WHAT YOU SHOULD DO. The answer is a single number: the count of lines in the records below that contain the word "Sale".
● ● ●
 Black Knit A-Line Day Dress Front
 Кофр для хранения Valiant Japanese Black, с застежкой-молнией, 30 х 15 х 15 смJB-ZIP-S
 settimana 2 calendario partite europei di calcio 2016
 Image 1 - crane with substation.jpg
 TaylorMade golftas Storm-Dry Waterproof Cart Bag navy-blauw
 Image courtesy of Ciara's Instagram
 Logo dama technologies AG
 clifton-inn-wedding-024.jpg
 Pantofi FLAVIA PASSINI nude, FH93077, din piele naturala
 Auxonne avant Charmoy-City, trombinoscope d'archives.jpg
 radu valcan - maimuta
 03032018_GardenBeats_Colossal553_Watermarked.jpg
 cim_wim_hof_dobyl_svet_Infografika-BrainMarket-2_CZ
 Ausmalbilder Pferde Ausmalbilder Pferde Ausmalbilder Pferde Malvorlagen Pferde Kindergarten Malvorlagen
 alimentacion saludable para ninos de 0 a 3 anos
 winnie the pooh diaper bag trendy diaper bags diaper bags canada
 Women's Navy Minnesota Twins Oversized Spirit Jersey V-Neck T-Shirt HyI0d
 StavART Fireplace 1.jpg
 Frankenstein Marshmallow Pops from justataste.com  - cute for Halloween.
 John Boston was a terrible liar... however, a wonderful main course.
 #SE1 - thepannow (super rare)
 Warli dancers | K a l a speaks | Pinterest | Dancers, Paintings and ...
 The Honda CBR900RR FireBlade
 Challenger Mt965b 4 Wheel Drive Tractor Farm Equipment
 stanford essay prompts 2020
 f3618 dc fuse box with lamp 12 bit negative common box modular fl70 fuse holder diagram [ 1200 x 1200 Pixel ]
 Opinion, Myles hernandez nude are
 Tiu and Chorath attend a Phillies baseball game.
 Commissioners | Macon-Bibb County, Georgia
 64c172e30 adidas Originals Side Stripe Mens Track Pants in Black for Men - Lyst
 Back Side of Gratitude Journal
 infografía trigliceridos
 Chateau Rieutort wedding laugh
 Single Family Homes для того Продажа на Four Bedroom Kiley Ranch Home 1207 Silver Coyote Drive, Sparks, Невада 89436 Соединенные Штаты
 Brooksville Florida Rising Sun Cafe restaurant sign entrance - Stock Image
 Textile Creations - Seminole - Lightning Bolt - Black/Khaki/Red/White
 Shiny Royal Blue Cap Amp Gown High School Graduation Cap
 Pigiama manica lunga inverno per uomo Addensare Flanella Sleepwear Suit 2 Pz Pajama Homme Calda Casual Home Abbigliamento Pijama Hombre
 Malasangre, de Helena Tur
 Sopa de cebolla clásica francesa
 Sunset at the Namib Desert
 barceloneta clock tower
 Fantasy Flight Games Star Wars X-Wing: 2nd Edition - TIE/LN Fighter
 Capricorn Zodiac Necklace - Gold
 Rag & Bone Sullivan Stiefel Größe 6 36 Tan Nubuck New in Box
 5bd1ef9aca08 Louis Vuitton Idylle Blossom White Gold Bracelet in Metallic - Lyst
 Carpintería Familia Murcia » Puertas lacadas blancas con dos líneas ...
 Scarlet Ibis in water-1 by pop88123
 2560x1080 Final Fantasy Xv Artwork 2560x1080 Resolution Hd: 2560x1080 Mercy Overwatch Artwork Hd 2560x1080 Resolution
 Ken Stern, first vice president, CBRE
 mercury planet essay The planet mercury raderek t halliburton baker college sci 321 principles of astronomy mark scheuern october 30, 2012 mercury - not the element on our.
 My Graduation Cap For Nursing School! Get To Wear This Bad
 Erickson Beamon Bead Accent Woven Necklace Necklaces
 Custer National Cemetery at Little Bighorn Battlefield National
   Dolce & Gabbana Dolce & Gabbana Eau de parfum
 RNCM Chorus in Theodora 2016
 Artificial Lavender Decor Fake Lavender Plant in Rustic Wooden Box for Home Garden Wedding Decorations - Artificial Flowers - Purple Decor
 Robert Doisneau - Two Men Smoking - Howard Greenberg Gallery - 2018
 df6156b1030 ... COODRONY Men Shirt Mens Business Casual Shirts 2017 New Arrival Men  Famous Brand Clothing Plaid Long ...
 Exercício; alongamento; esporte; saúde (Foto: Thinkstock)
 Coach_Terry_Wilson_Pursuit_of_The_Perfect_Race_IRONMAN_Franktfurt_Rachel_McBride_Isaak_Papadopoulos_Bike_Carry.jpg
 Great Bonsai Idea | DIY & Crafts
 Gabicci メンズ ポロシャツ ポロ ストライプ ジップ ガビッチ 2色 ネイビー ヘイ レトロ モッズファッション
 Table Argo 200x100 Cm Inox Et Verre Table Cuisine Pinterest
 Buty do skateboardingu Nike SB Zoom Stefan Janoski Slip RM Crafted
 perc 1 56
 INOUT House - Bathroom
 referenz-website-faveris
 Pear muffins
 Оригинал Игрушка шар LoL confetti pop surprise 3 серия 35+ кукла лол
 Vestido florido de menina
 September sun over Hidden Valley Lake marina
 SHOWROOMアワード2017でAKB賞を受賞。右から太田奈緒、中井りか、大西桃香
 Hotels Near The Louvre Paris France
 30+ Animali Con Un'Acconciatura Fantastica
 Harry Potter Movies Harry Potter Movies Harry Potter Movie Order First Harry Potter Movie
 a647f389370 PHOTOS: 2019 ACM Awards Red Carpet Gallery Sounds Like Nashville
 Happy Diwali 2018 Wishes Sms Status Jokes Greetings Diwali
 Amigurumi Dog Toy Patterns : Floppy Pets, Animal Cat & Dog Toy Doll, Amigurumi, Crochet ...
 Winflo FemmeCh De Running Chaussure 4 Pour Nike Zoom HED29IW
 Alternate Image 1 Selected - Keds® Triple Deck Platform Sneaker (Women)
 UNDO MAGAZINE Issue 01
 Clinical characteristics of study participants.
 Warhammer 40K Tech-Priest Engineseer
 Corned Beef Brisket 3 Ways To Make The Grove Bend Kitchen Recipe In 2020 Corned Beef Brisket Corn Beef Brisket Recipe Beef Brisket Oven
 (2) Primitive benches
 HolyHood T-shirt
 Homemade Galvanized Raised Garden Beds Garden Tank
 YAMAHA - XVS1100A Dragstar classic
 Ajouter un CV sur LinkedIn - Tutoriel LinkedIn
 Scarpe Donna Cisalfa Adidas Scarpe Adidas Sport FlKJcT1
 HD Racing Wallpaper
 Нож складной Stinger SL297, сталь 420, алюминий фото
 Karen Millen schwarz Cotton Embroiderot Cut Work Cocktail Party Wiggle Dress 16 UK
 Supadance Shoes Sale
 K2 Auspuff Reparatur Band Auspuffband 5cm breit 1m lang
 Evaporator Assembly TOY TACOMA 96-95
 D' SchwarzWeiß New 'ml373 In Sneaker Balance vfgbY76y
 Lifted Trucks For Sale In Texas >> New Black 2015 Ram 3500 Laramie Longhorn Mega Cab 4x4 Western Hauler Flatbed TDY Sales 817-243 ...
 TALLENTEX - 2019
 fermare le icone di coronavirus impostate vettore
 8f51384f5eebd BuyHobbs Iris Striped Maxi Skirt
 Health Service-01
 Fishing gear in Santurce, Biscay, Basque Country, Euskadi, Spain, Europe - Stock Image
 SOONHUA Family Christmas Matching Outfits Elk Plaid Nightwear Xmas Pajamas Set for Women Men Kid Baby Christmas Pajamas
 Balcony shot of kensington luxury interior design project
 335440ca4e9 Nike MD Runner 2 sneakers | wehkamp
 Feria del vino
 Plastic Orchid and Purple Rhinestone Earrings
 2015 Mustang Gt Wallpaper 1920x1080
● ● ●
ANSWER BOX. 2